Cameron, who chairs the Legislature’s joint budget committee, said, “My preference isn’t to hit education that hard, but the committee will have to decide where it goes.” He predicted, “We’ll find middle ground.”

Otter also flatly rejected a proposal from members of the House GOP leadership to use a big chunk of the economic stimulus money for corporate tax cuts.

“Listen, they’ve got a lot of different ideas over there,” Otter said. “I didn’t see it putting jobs on the street, I didn’t see it putting people to work.” He said if he were in business now and he got a tax break, “I’m gonna put it in my pocket.” That doesn’t create jobs, he said, and the role of the stimulus is to “stimulate the economy right now.”
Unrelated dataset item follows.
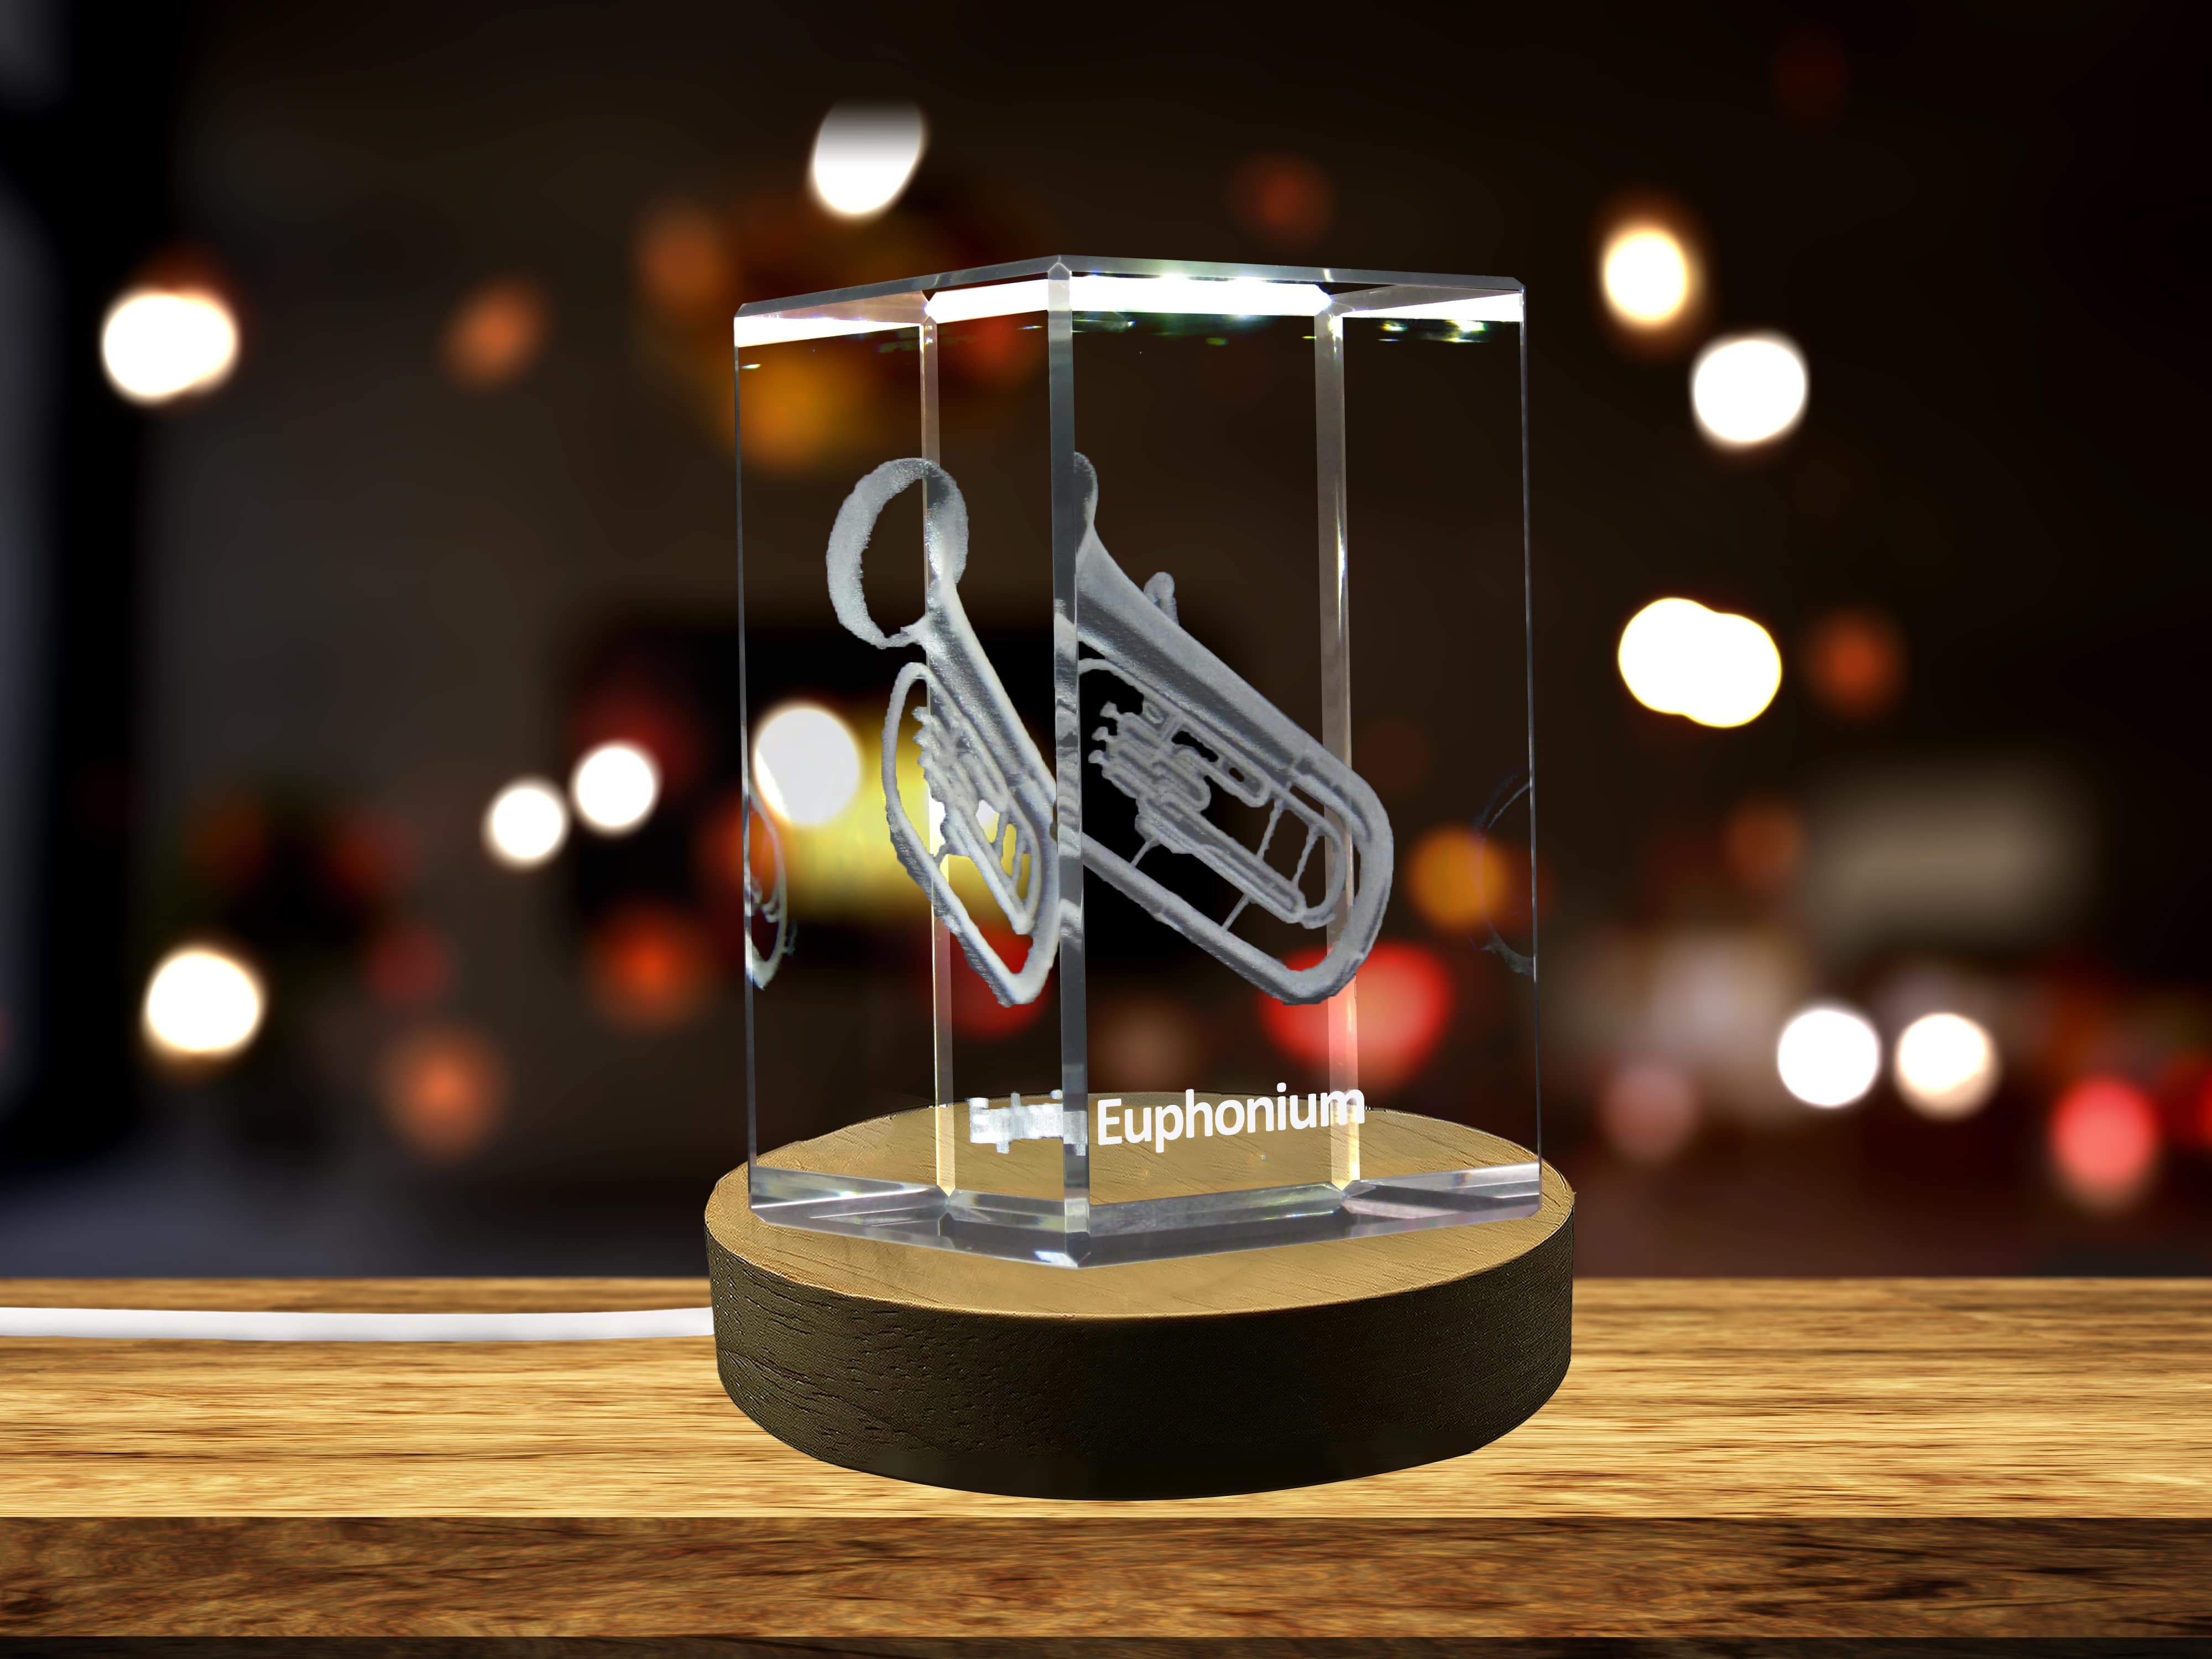 Euphonium 3D Engraved Crystal | Music 3D Engraved Crystal Keepsake A&B Crystal Collection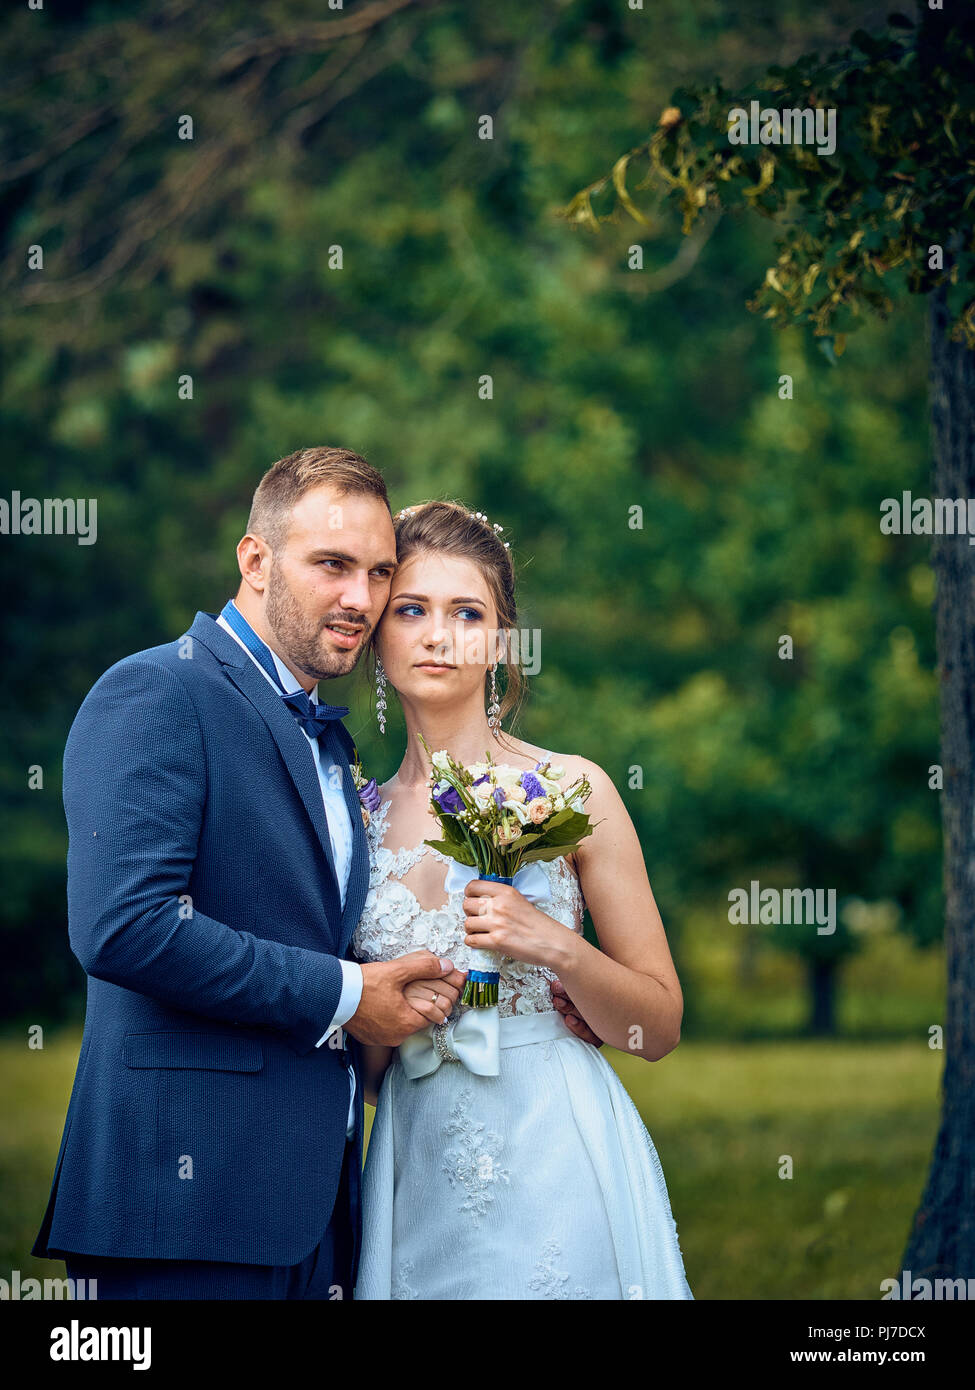 Solemn ceremony of marriage of the newlyweds. Customs and traditions inherited from a past life in the old Soviet Union. People have fun, drinking. Stock Photo

The governor’s plan includes a threat to lawmakers: If they don’t approve an additional $125 million in GARVEE bonding, a special type of bonding that allows the state to borrow against future highway allocations, this year, he’ll pull back the funds for eight high-profile transportation projects around the state and instead funnel that stimulus money into the projects that would have been paid for with the bonds. The eight projects include reconstruction of the Dover Bridge in North Idaho.

Sen. Shawn Keough, R-Sandpoint, called the ultimatum “distressing,” and said, “I think that the value of continuing the GARVEE bonding program can be sold on its own.”

Said Eskridge, who’s been concerned about whether the next bond issue is premature, “I’m feeling like I’m in a little bit of a box.”

Otter also is standing by his proposals to raise Idaho’s gas tax and car registration fees to address a backlog in road maintenance, though his legislation hasn’t yet cleared a House committee.

Sen. Jeff Siddoway, R-Terreton, told Otter’s budget director, “I guess we all have our little hidden agendas here, and certainly mine’s not to raise taxes. … The governor putting this money here, does that alleviate any of the need that we have for increased taxes for highway maintenance?”

Hammon responded no, even though Otter decided to plug nearly $30 million of the $45 million in stimulus funds over which he has discretion into road work, in addition to the eight big projects. “This money does not change the governor’s belief that … (highway maintenance is) woefully underfunded and it needs attention during this legislative session,” Hammon said.

The governor’s proposals are now before the Legislature, which will set budgets for state agencies and then send the budget bills to Otter for his signature.